Scraping a javascript website using scrapy, splash, docker and mongodb
Github repository for this post:
So I was a senior data scientist at this lovely retail tech company that had a lot of data coming from crawlers monitoring e-commerces. I worked with NLP, interpreting the products descriptions and with computer vision, identifying colours, patterns, details and so on. The thing is - I never actually built the crawlers, so I wanted to try to do it myself!

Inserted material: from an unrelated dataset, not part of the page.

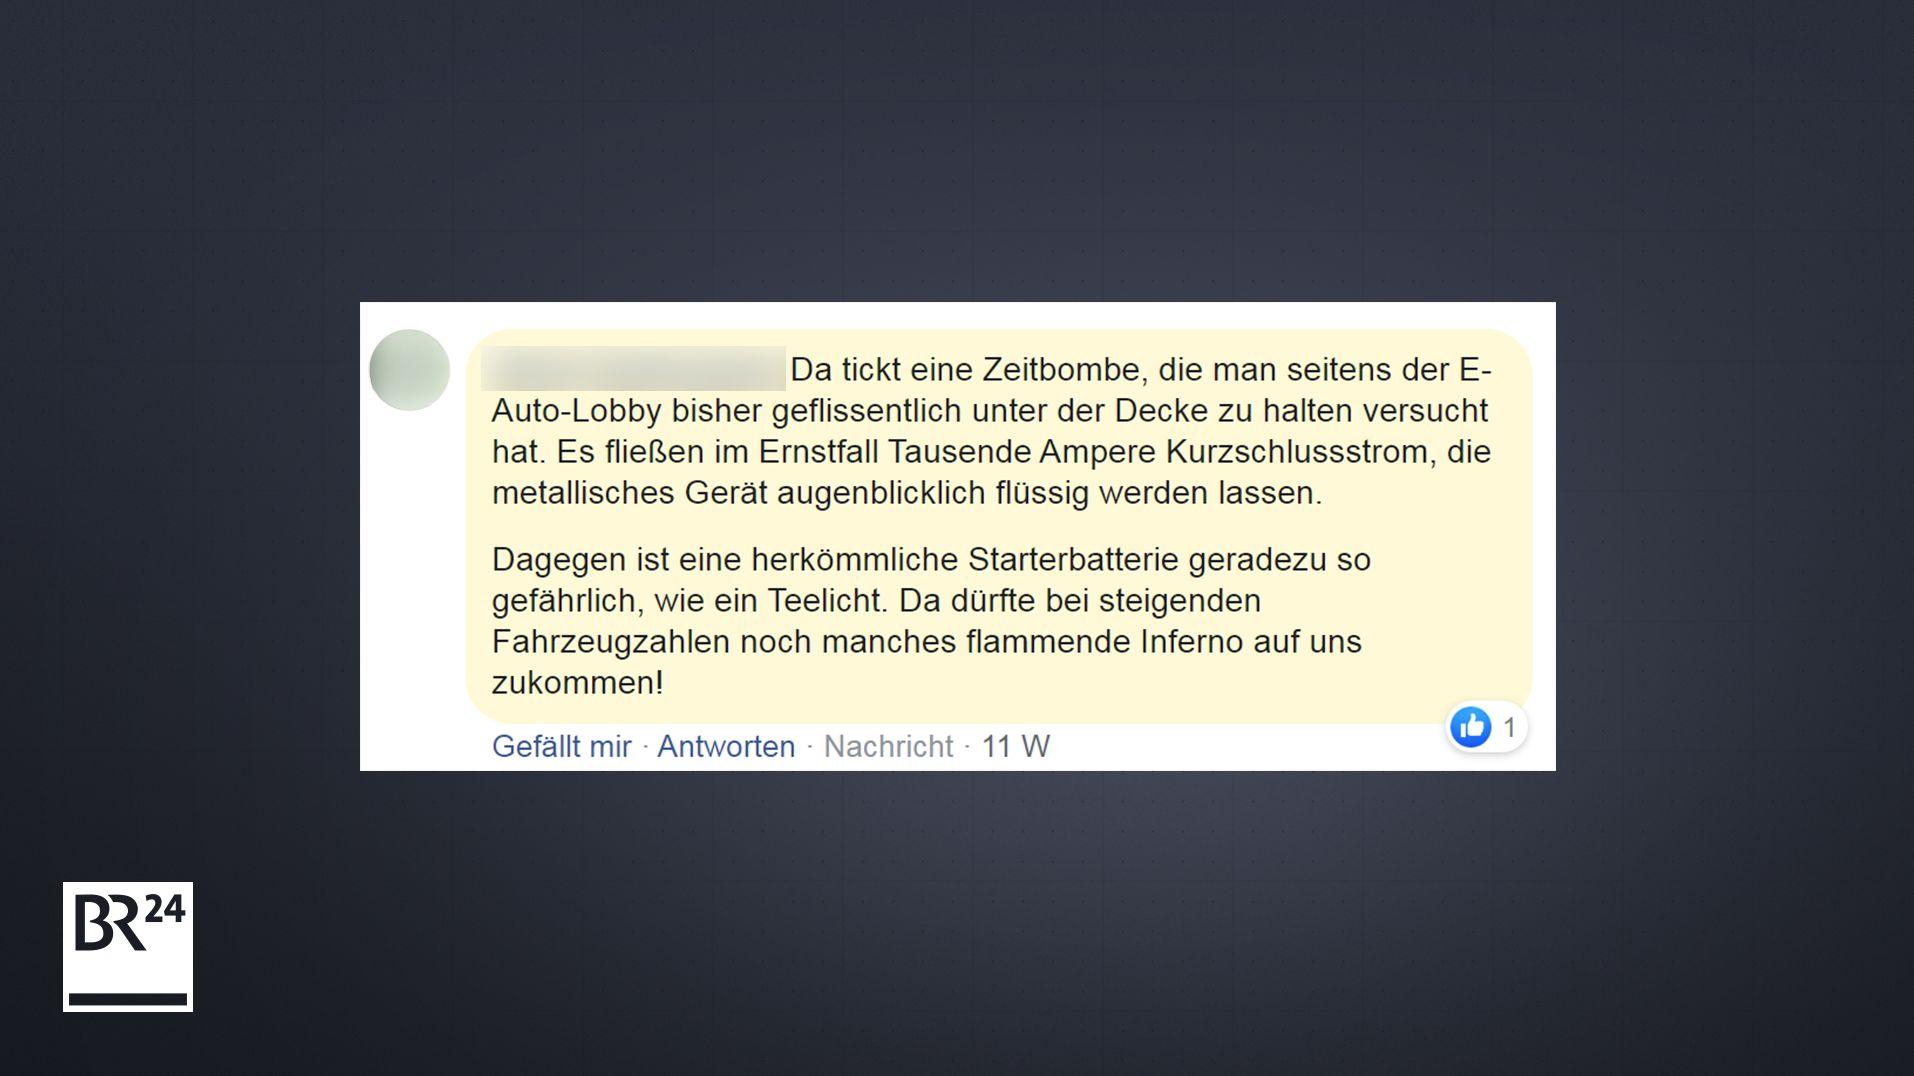 User Kommentar auf BR24-Facebookseite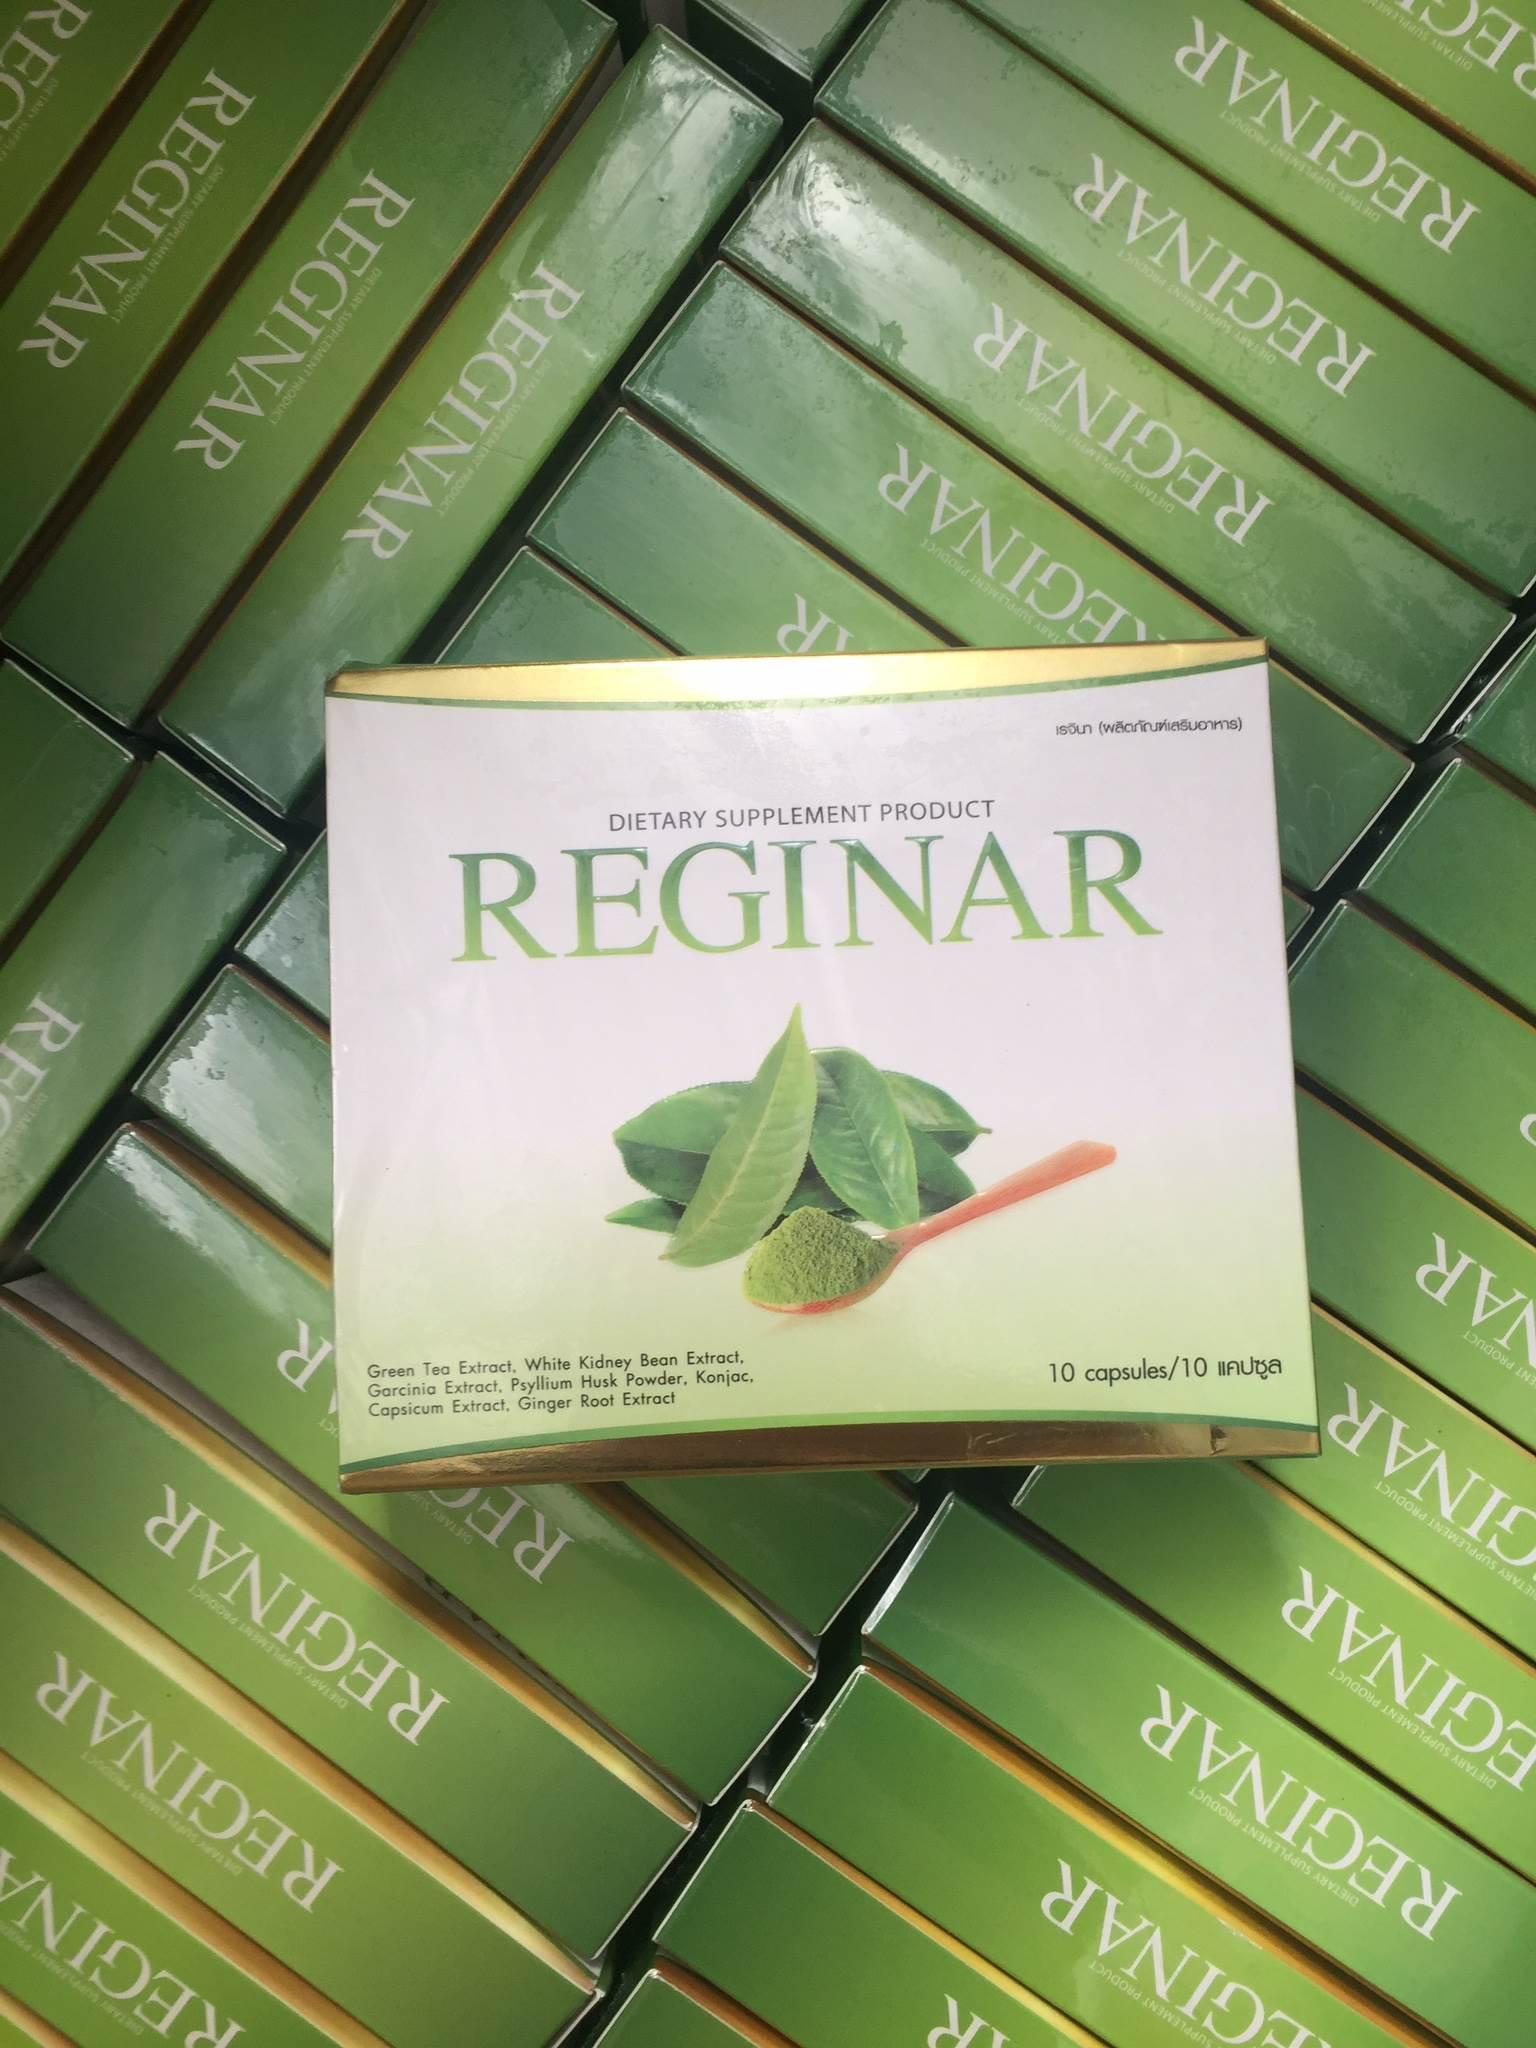 REGINAR กล่องใหม่ สำหรับคนดื้อยาลดยากน้ำหนักเยอะ

I got a couple of brazilian retailer website (this one and this one) that uses javascript and have pagination, and I wanted to get all products from all the pages on the dresses category and save the following information to a MongoDB database:
- Product id
- Retailer id
- Product url
- Product name
- Product price
- url of all images available
- Crawl timestamp
Scraping dynamic website
Most e-commerces use dynamic websites, meaning that the website renders using some client-side javascript. So in order to properly access the HTML, each page need to be accessed by a browser.
Splash
In a nutshell, splash is like a browser. It opens a page and act as a browser would, therefore processing javascript and rendering the page properly.
Scrapy
Scrapy is a python crawling framework. It is very flexible, has a huge community, is very fast and easy to use. Here we define which website we want to crawl and all the rules to find the fields we want to get and how to interact with controls and paginators. It also has an item pipeline functionality that helps us deal with items and for each item define what to do. In our case, store on a database. It is probably the most popular web scraping tool for python.
MongoDB
MongoDB is a NoSQL database that stores json-like documents. Also has a huge community, easy to integrate with python and offers a cloud-hosted instance with a fair free tier.
Docker
Probably my favorite dev tool, docker creates an isolated environment (container) for you to run your app. This container encapsulates everything the app needs, so it solves the famous “it works on my machine” problem - the container is like a mini machine running your app. Super convenient and easy to use. Here we are using 2 containers: one for splash and one for running scrapy.
Connecting the dots
So, as mentioned, the website uses javascript, so I’m using splash to mimic a browser. Splash already runs in a container (image provided by scrapinghub) and I decided to run scrapy also from a container, so I put together a minimal Dockerfile
with scrapy and pymongo and a docker-compose.yml
to run it . This makes it easier to deploy wherever I want (or even run locally isolated on my machine). I’m saving the results to a MongoDB cloud collection, with each product_id
as document_id
.
Closing thoughts
So being able to scrape websites is a great skill to have and empowers one to build data apps, monitor websites, create event-based alarms, sky is the limit! For instance, since I’m into computer vision, here I’m focusing on getting the product images urls to use in another examples there will be published here - so if there’s no link to other articles here right now, come back soon!!
Hope you enjoy and try to build something yourself!